Exercise requirements:
Set down exactly, from the records below, the line with "Wallpapers HD Boston" through the line with "Apparatus for securing", and nothing else.

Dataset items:
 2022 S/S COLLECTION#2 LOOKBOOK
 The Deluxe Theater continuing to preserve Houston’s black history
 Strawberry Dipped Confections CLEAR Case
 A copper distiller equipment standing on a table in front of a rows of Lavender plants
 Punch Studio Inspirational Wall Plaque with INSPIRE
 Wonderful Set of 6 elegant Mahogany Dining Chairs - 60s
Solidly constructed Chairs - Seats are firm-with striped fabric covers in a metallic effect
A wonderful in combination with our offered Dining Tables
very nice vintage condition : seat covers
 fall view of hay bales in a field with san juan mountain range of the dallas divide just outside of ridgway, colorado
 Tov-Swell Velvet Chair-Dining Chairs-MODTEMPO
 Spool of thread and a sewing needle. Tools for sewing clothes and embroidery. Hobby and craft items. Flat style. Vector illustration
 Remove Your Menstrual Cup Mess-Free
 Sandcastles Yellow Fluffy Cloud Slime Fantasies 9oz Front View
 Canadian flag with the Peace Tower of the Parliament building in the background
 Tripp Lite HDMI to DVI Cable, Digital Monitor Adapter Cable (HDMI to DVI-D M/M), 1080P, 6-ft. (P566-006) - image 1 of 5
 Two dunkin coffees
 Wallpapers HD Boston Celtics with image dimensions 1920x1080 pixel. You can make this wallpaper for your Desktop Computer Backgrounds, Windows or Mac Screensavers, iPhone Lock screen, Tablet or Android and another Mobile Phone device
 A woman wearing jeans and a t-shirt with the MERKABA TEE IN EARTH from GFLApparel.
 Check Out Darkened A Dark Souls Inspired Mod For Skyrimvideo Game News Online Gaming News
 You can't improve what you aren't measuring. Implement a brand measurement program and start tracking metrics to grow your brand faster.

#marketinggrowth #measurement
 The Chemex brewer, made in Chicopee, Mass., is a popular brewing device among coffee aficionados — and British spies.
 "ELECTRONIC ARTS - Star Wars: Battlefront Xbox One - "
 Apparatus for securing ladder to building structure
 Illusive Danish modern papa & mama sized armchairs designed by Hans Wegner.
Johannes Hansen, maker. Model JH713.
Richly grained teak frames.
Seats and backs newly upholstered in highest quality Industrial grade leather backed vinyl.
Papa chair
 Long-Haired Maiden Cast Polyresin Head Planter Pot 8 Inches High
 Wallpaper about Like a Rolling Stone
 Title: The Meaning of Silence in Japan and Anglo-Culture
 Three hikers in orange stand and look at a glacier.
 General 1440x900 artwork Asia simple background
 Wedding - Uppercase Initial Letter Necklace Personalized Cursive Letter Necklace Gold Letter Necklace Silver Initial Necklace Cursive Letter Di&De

Result for this task:
 Wallpapers HD Boston Celtics with image dimensions 1920x1080 pixel. You can make this wallpaper for your Desktop Computer Backgrounds, Windows or Mac Screensavers, iPhone Lock screen, Tablet or Android and another Mobile Phone device
 A woman wearing jeans and a t-shirt with the MERKABA TEE IN EARTH from GFLApparel.
 Check Out Darkened A Dark Souls Inspired Mod For Skyrimvideo Game News Online Gaming News
 You can't improve what you aren't measuring. Implement a brand measurement program and start tracking metrics to grow your brand faster.

#marketinggrowth #measurement
 The Chemex brewer, made in Chicopee, Mass., is a popular brewing device among coffee aficionados — and British spies.
 "ELECTRONIC ARTS - Star Wars: Battlefront Xbox One - "
 Apparatus for securing ladder to building structure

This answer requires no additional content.